Topics include but are not limited to:

-­‐  Aesthetics of precarity in arts and in social movements

-­‐  Forms of cultural activism

-­‐  Cultural “events” of precarity

-­‐  Precarity and memory

-­‐  The luxury of precarity? Whose precarity?

-­‐  The aesthetization of precarity

-­‐  Precarity and new forms of cultural production (i.e. the ‘creative industries’)

-­‐  Precarization as constituent power

-­‐  Precarity and new forms of local, regional or global ethics of ‘relationality’

-­‐  A ‘geo-aesthetics’ of precarity

The languages of the conference are English, French, and Italian.

Abstracts of about 200 words together with a brief biography should be sent before 09/20/2012 to the following two Email addresses: scontari@u-paris10.fr /M.M.Jansen@uu.nl 
Acceptance of proposals will be communicated by 10/15/2012. 
Scientific Project and organization: Silvia Contarini (Paris Ouest Nanterre) and Monica Jansen (Utrecht University)

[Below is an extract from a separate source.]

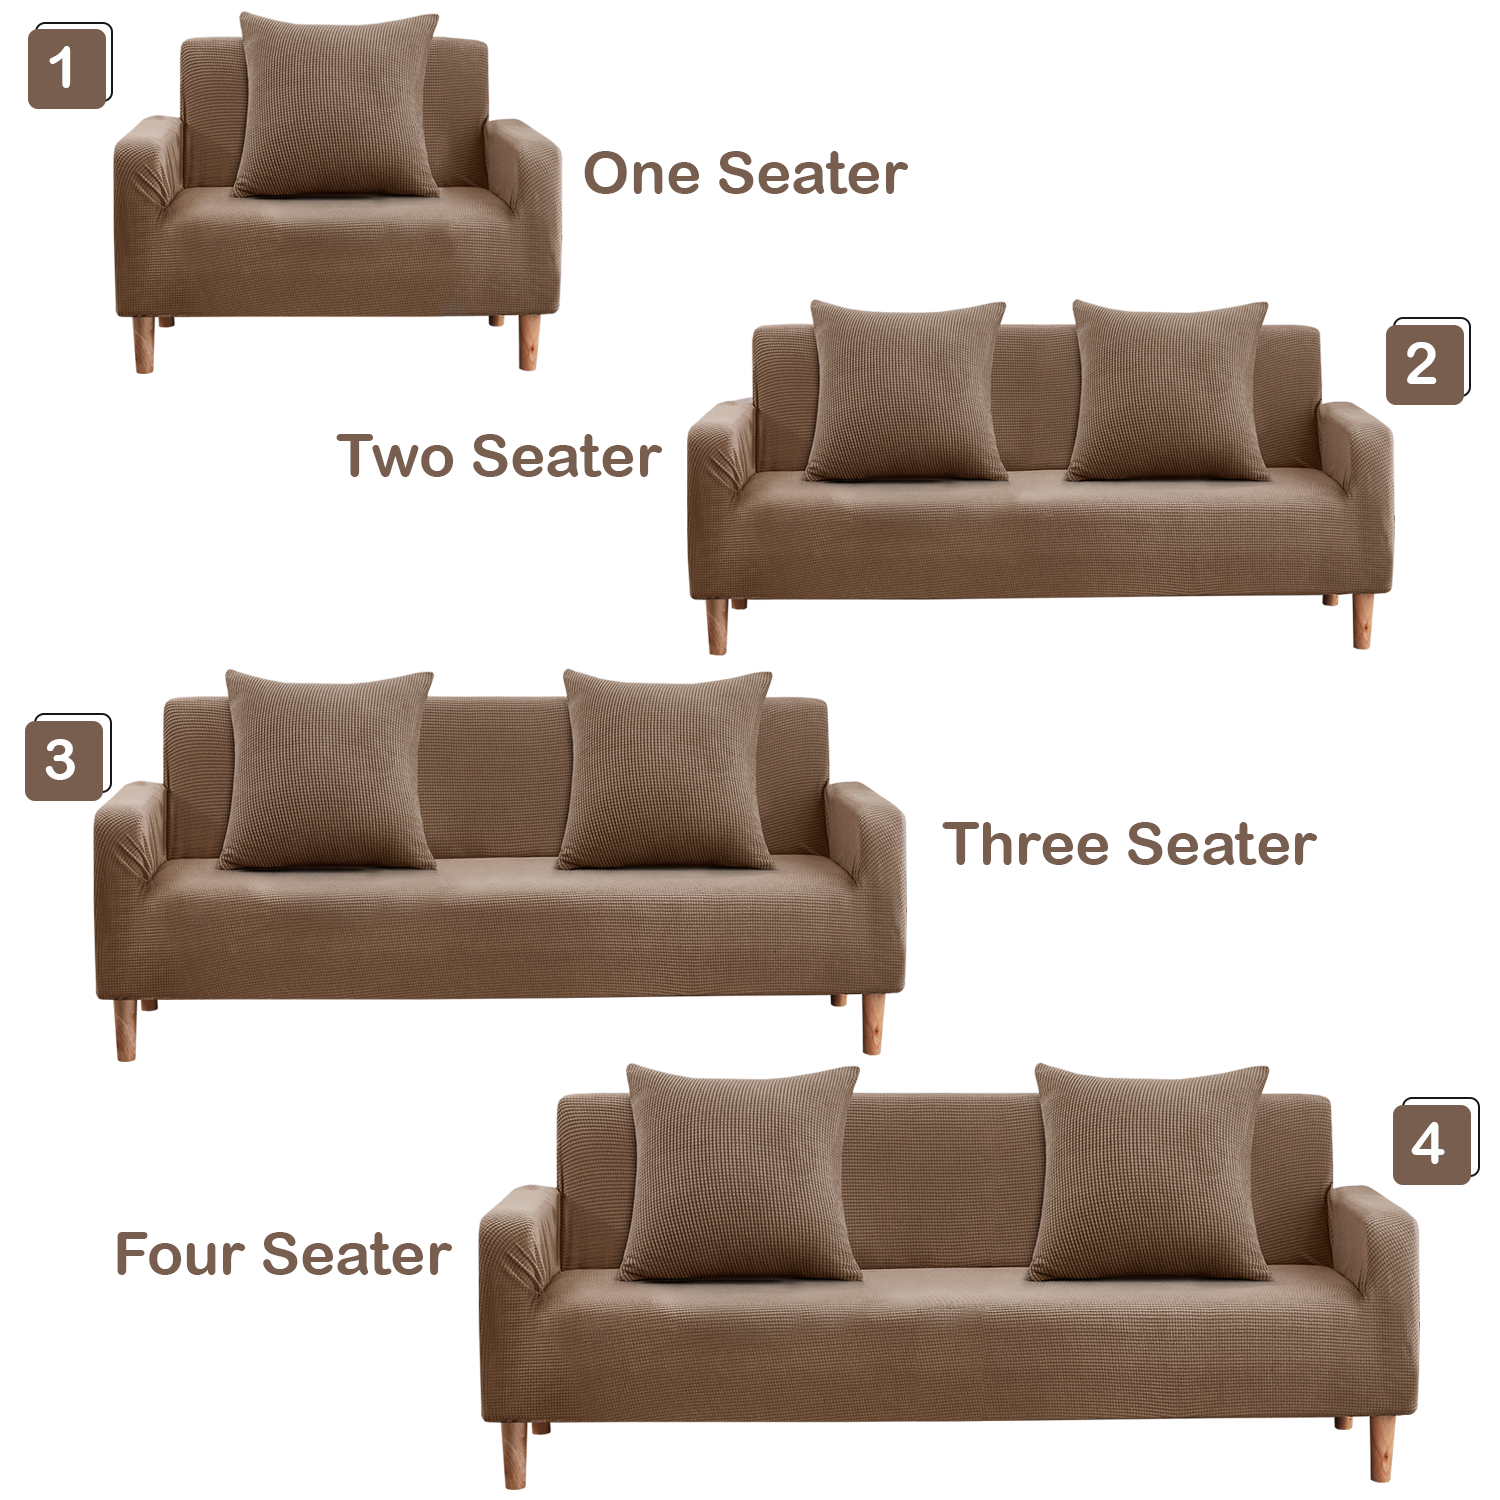 JOBLOT Velvet Sofa Covers 4 sizes Brown Stretch Slipcover 50pcs

In collaboration with: Luca Marsi and Christophe Mileschi (Université Paris Ouest Nanterre); Judith Revel (Université Paris 1) 
NWO partners: Vincenzo Binetti (University of Michigan, Ann Arbor), Joost de Bloois (University of Amsterdam), Silvia Contarini (Université Paris Ouest, Nanterre La Défense), Frans-Willem Korsten (Leiden University/Erasmus University Rotterdam), Federico Luisetti (University of North Carolina, Chapel Hill), Monica Jansen (Utrecht University).